Tag Archives: gejala kanker

Bagaimana Cegah Kanker pada Anak? Dokter: Beri Nutrisi Seimbang

Park City Home Source, JAKARTA — Pemberian nutrisi yang baik pada anak dinilai penting untuk mencegah anak terkena kanker. Dokter spesialis anak dari Rumah Sakit Anak dan Ibu Harapan Kita, Nia Astarina mengatakan, penyebab kanker secara genetis sulit dihindari.

“Tapi kita tetap perlu memberikan anak, kita tetap perlu memberikan, misalnya nutrisi yang baik,” kata “Memahami Tanda-tanda Awal Kanker pada Anak” yang dibagikan Kementerian Kesehatan (Kemenkes) di Jakarta, Kamis (15/2). /2024).

Hal itu diketahui Nia saat menjawab pertanyaan tentang bagaimana cara melindungi anak agar tidak terkena kanker. Menurutnya, kanker pada orang dewasa berbeda dengan kanker pada anak-anak, dimana kanker pada orang dewasa lebih banyak disebabkan oleh gaya hidup.

Diakuinya, orang tua kerap menanyakan penyebab penyakit kanker pada anak. “Sebenarnya sumbernya sendiri sampai saat ini di dunia belum diketahui secara pasti. Namun diperkirakan secara detail sumbernya adalah genetik,” ujarnya.

Menurutnya, pemberian nutrisi yang baik merupakan salah satu upaya preventif. Dalam makanan tersebut, kata dia, penting untuk menghindari bahan-bahan seperti pengawet, perasa, pewarna atau bahan kimia lainnya.

Ia menjelaskan, kanker pada gen anak juga bisa muncul di tempat ia dibesarkan. Oleh karena itu, lanjutnya, penting untuk menciptakan lingkungan yang sesuai untuk kesehatan anak. Lingkungan yang baik, menurutnya, tidak tinggi radikal bebas, kecuali asap rokok, dan menghindari area di bawah saluran udara yang kelebihan aliran listrik atau lebih dikenal dengan korsleting.

Dalam acara tersebut beliau menjelaskan jenis-jenis penyakit kanker yang diderita anak-anak antara lain kanker darah atau leukemia, kanker mata atau retinoblastoma, dan kanker tulang.

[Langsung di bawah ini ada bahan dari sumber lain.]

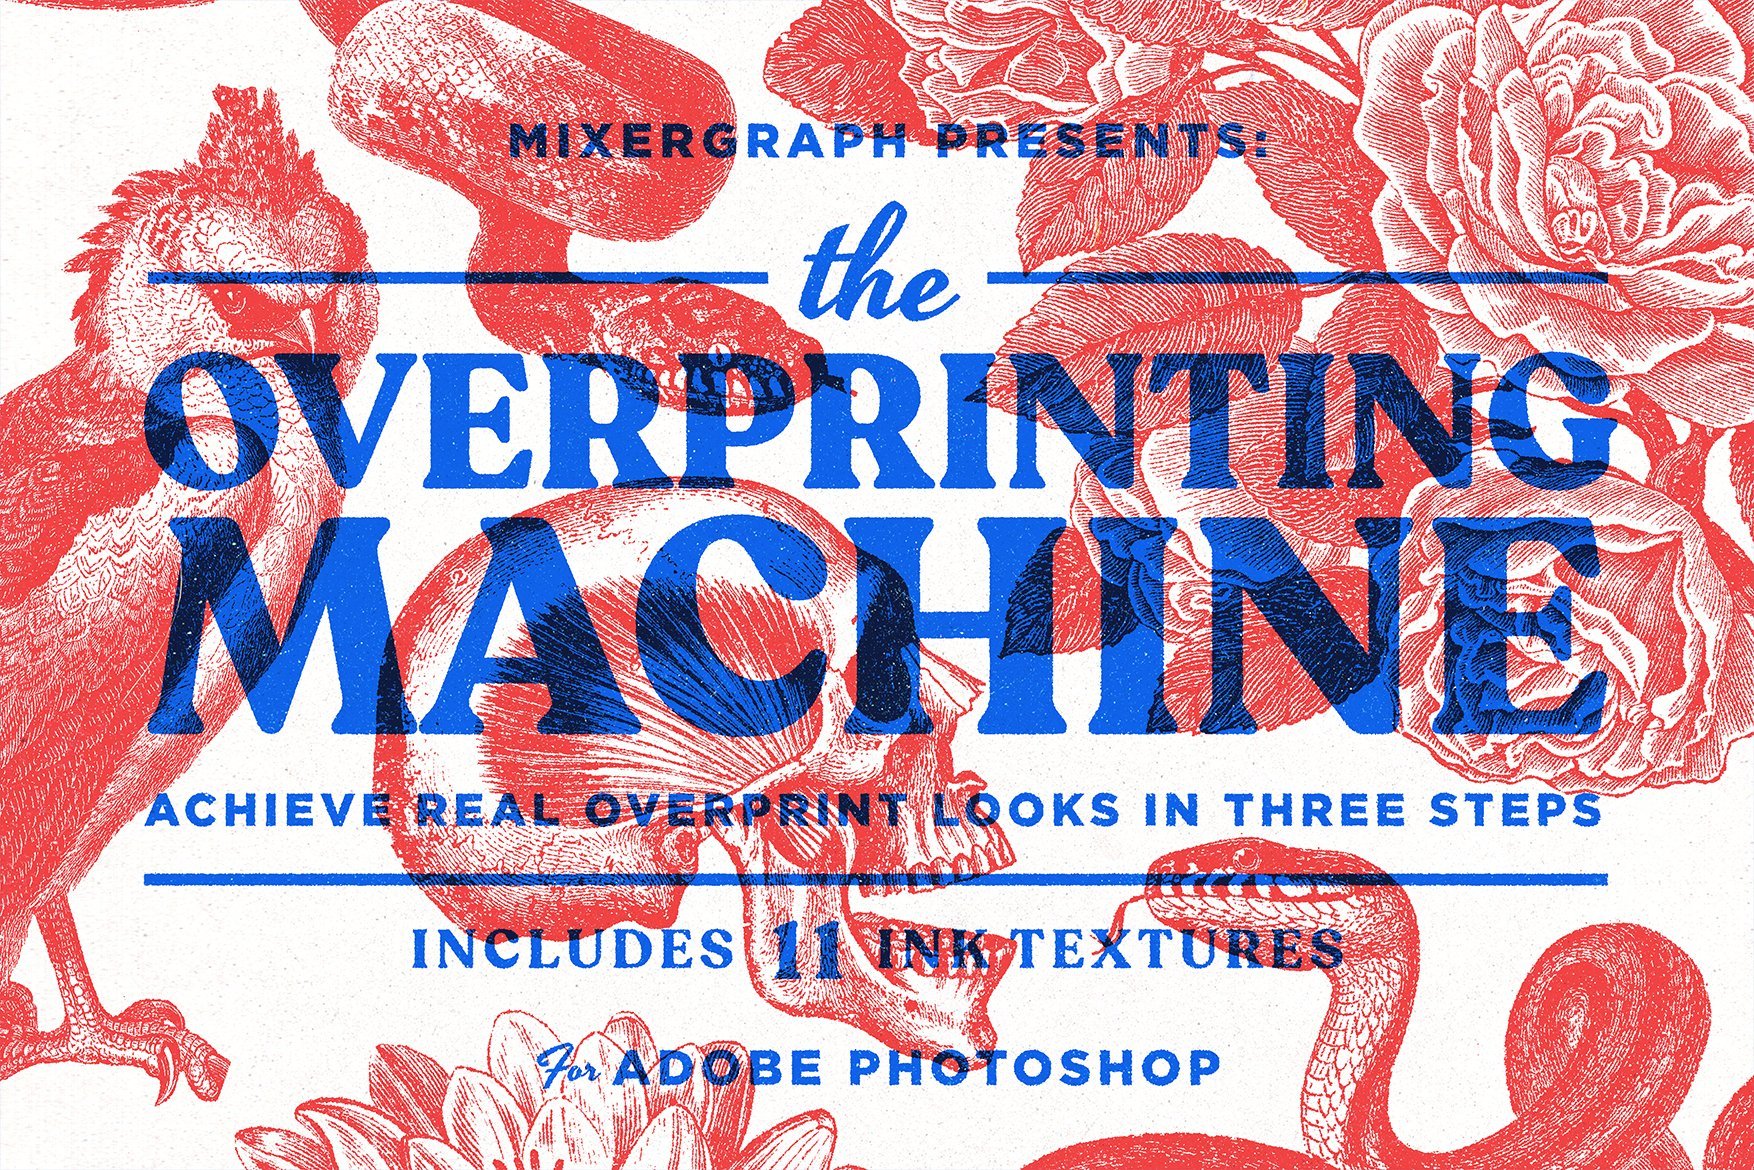 The Overprinting Machine
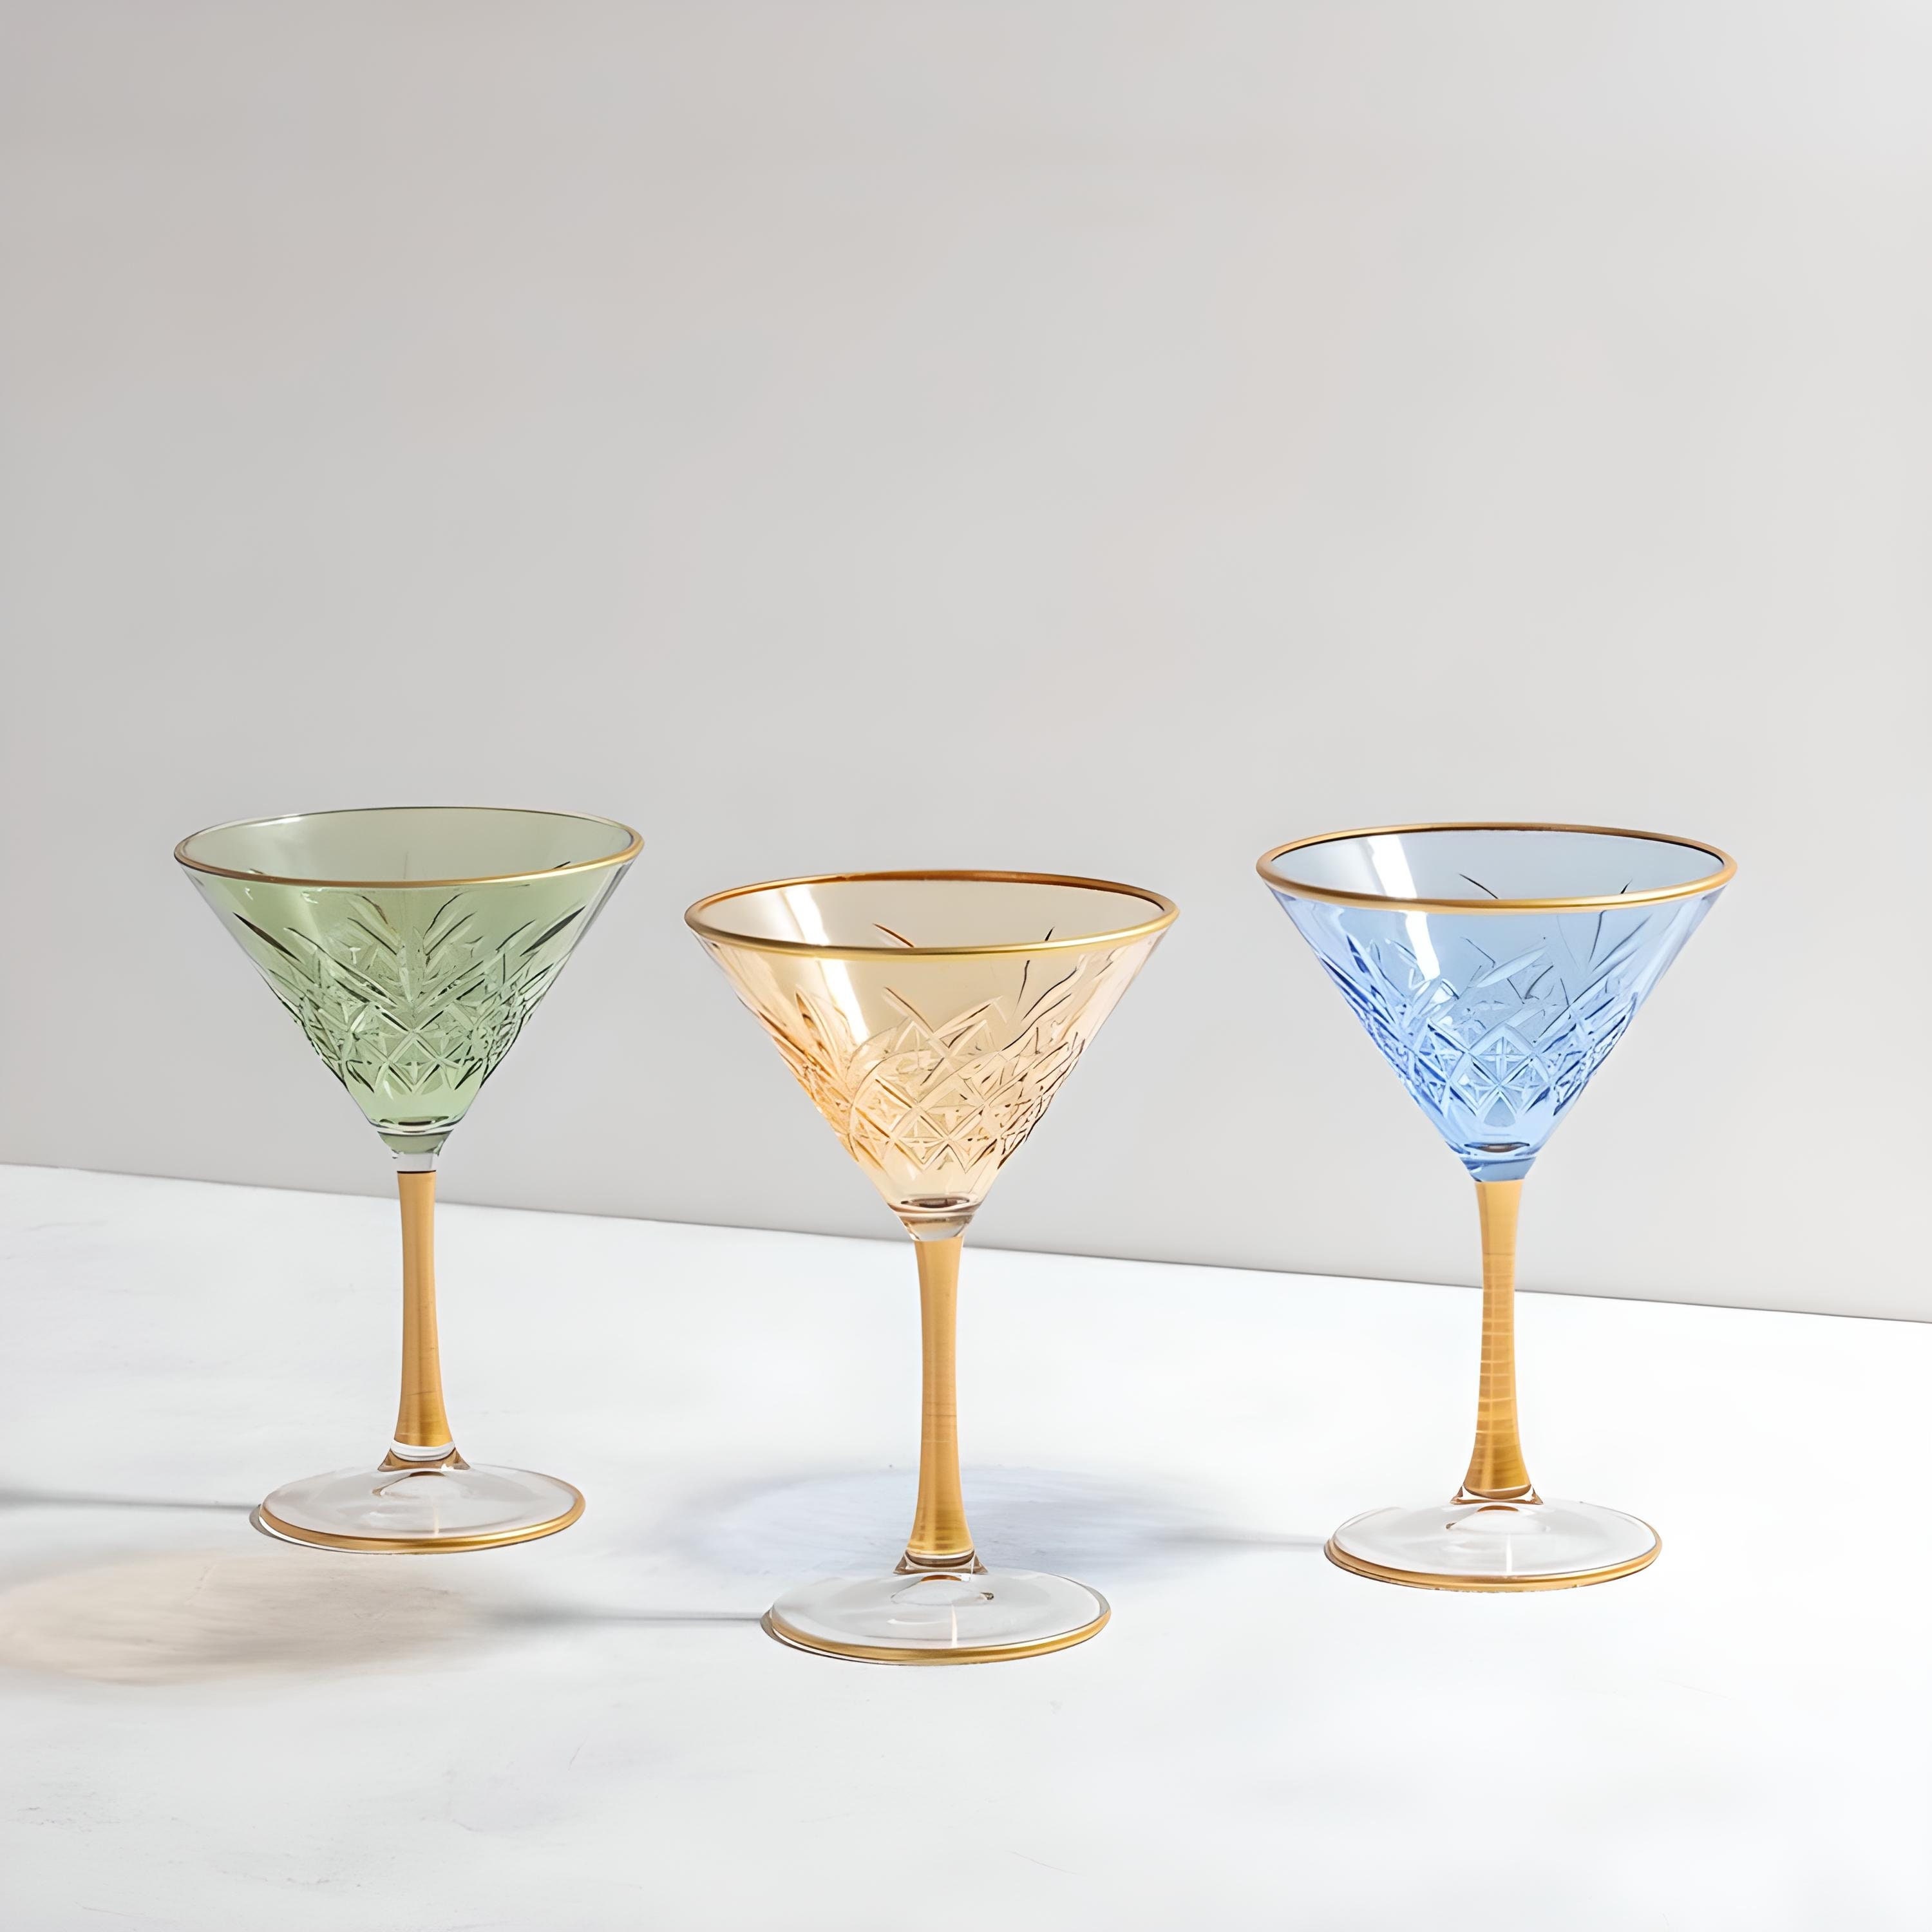 Lorren Home Trends Tall 12 Ounce Drinking Glass-Textured Cut

Nia mengatakan, mengidentifikasi gejala kanker pada anak menjadi tantangan bagi dokter spesialis kanker pada anak maupun orang tua karena belum ada gejala pasti seperti demam yang sering ditemukan pada penyakit lain.

Namun, kata dia, demam yang tidak kunjung reda selama dua minggu bisa menjadi tanda penyakit kanker. Selain itu, kata dia, gejala yang sering tidak dipahami orang tua adalah pucat.

Selain itu, benjolan tertentu bisa menandakan anak mengidap kanker, misalnya benjolan dengan ukuran tertentu yang tidak terasa sakit. Ia berpesan kepada para orang tua agar anaknya diperiksakan ke dokter jika ada gejala seperti itu.

Dalam Sehari Ada 1.000 Warga RI Didiagnosis Kanker, Banyak Tak Sadar Gejalanya

Jakarta –

Wakil Menteri Kesehatan Dante Saksono Harbuwono mengatakan, terdapat 1.000 kasus kanker baru di Indonesia setiap harinya. Ketika jumlah penduduk mendekati 280 juta orang, jumlah pasien kanker di negara ini diperkirakan akan meningkat sebesar 65,1 persen selama dua dekade mendatang.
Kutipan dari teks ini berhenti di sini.